THE ARGUMENT

This Poem demonstrates the Connection of Oroonoko, who in his valiant Battel did strive for his “Glorious Liberty” against the “Faithless Christians, whose Gods instructed ’em in Principles so false”, to, Satan, the debated Hero in Paradise Lost through presenting Similarities in Speech, Idea, and Composition via a Sample that combines both Pieces in One.

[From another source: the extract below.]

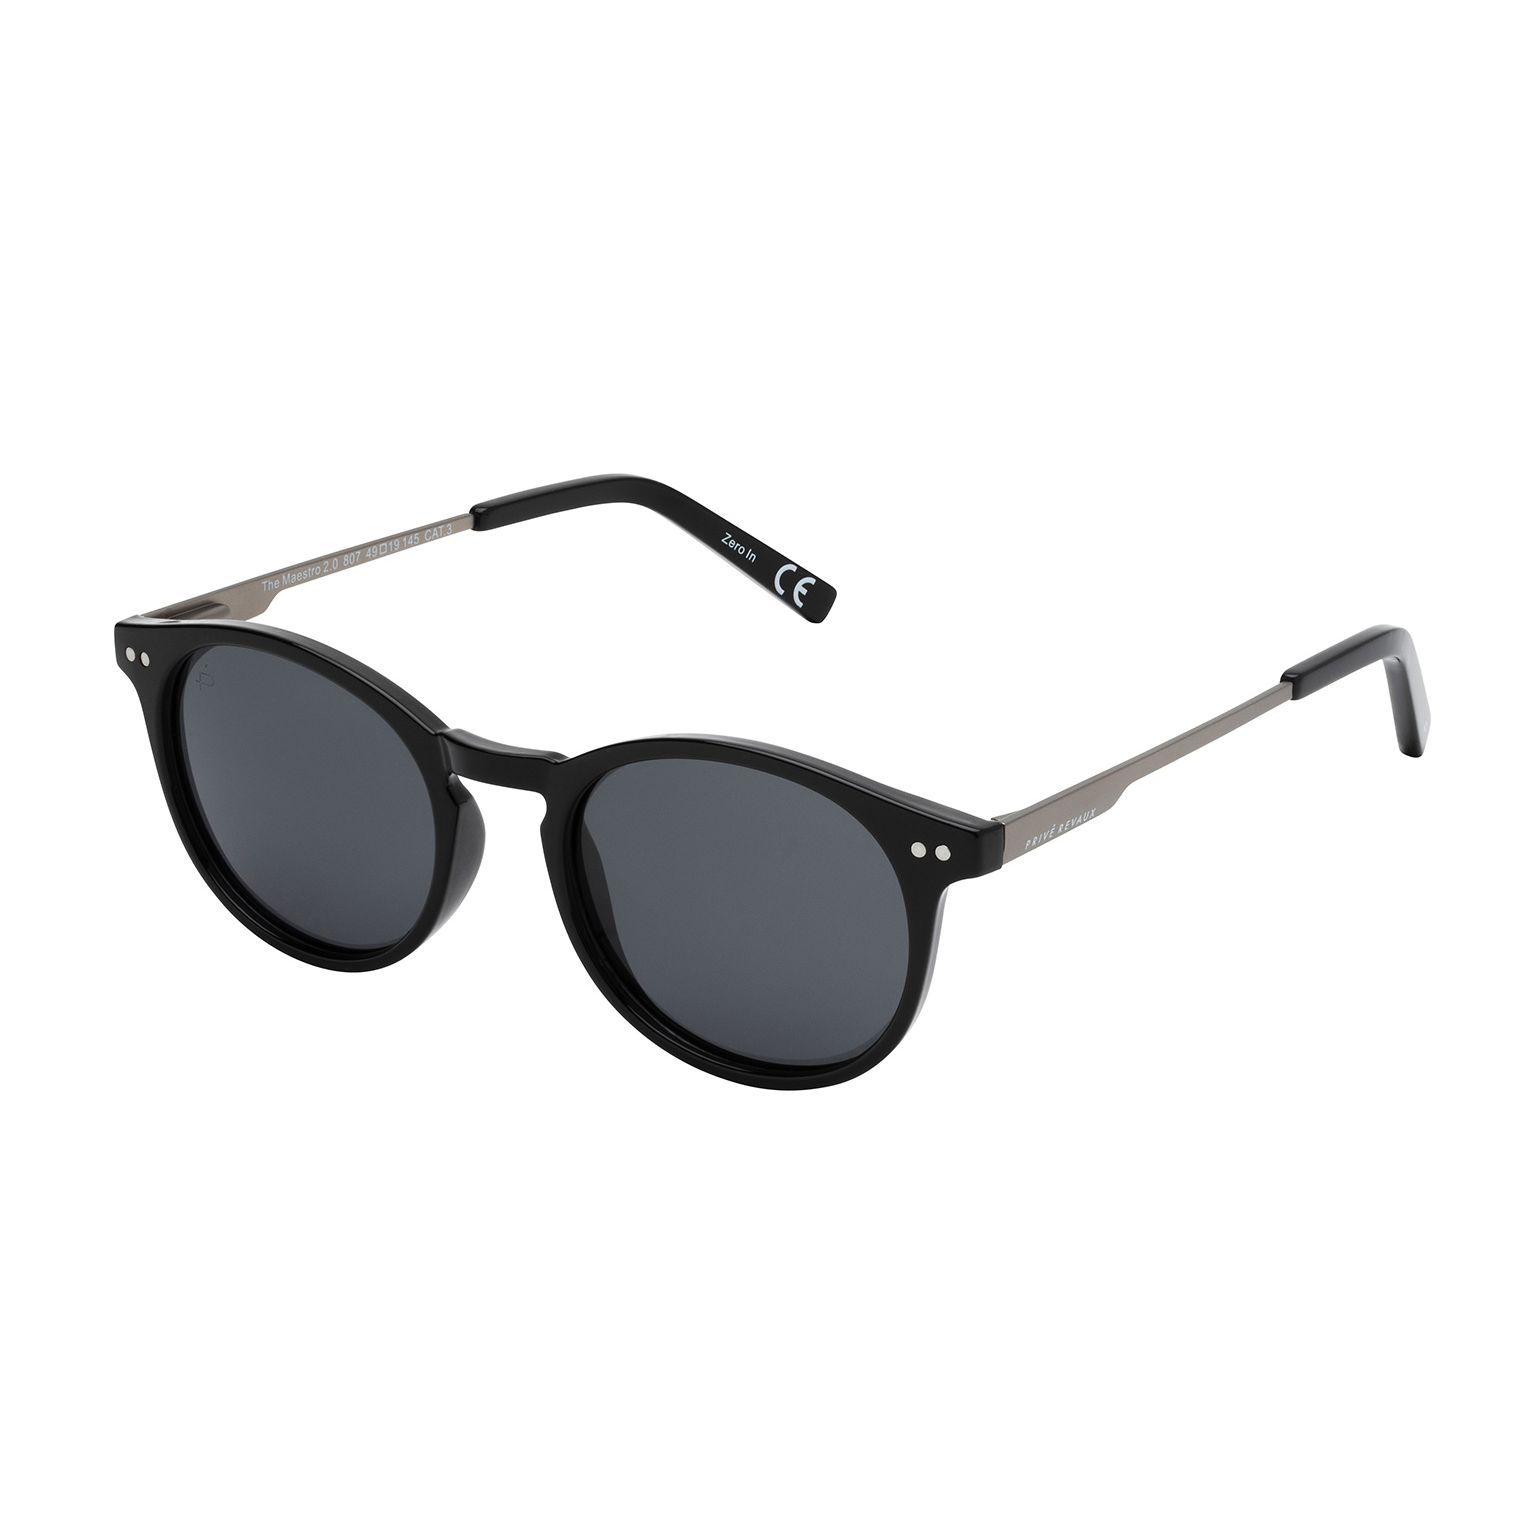 MAESTRO M S Round Sunglasses 807 M9 - size 49

Professor, who with all thy knowledge rich
Instructs me of the art of reading and
Writing, say how do I in Language foreign
Speak of what I desire, convey what I
Believe, and credibility make in
A difficult form which I’m yet to master?
Or hear’st thou rather Teacher, who appears
Promptly upon the hours to teach me of
Ideas well worthy of expanding on,
When Muse is stifled and perplexed and when
The Holy Spirit is not to be found?
Thee I present now with an article
Bold in conjecture, yet worse in its form,
After the fateful loss of Oroonoko,
Who fought most gallantly for Freedom, to
Perfidious[1] men that enslaved his people:

Thus the white men laid hands on Caesar and
Tuscan, faint with heat and toyl, and bound them
To stakes, and whipt them most deplorably.
O how unlike the contract they proposed!
There the companions of their loss, o'rewhelm'd
With toyl and whips, succumbed to the oppressors
And gave their once respected King and Lord
Most vicious lashes, in hope to excuse
Themselves of their own disobedience and
By whipping Caesar the Revolter to
Revolt against their natural tendency
To be whipped as slaves by white men in reign. [2]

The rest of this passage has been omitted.